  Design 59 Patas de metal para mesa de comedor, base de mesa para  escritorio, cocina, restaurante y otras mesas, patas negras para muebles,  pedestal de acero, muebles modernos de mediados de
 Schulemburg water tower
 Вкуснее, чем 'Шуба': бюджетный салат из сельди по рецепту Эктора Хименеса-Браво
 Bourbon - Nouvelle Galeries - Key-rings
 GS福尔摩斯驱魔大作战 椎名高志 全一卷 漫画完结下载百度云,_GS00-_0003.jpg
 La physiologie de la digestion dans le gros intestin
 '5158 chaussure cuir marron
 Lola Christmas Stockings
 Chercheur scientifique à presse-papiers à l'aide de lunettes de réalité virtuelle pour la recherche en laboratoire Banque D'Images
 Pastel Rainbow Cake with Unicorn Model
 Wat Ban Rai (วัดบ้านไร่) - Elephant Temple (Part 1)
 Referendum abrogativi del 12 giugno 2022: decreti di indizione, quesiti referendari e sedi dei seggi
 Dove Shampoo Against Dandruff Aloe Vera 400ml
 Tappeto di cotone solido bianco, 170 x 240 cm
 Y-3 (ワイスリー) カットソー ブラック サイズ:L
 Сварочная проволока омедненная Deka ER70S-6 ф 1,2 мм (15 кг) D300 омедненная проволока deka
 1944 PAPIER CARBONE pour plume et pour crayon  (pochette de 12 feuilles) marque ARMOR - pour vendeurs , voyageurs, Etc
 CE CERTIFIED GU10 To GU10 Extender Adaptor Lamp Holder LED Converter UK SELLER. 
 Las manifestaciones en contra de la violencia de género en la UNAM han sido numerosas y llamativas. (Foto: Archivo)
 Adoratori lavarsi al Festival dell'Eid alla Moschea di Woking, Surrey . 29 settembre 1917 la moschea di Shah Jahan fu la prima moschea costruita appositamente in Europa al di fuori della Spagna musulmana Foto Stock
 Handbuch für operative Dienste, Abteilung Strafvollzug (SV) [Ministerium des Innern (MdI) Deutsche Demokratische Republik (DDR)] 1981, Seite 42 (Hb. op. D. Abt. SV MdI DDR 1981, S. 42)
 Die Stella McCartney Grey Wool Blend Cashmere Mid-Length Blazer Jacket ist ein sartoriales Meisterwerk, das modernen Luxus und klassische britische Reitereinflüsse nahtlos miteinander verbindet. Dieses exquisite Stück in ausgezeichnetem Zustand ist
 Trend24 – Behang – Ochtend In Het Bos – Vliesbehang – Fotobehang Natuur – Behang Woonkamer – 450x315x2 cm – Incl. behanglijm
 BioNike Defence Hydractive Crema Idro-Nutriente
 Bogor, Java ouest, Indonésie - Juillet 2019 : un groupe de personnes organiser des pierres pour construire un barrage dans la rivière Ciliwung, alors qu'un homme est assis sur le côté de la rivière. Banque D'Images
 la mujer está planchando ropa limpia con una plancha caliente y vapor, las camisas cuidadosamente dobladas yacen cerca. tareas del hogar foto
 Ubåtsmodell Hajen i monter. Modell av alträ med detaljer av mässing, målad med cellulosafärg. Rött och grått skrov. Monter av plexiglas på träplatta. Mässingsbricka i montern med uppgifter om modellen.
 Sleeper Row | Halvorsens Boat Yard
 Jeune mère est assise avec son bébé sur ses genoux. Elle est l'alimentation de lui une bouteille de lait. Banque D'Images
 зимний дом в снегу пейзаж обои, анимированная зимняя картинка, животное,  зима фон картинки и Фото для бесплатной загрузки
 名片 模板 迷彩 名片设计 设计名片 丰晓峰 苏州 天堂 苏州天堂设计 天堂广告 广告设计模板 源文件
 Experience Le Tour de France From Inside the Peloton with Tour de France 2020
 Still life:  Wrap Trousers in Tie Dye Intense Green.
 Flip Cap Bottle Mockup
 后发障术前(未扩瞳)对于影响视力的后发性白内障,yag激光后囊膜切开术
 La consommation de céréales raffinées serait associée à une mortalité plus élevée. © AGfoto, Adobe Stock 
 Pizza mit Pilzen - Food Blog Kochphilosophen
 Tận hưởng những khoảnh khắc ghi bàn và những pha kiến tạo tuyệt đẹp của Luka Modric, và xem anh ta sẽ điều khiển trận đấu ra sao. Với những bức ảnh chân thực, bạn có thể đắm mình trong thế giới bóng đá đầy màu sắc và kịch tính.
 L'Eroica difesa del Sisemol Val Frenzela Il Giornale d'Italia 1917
▬▬▬
- **WHAT TO PRODUCE**
Using the entries above, tally every line that holds the word "pour". Answer with that number only.

- **SOLVED PROBLEM**
3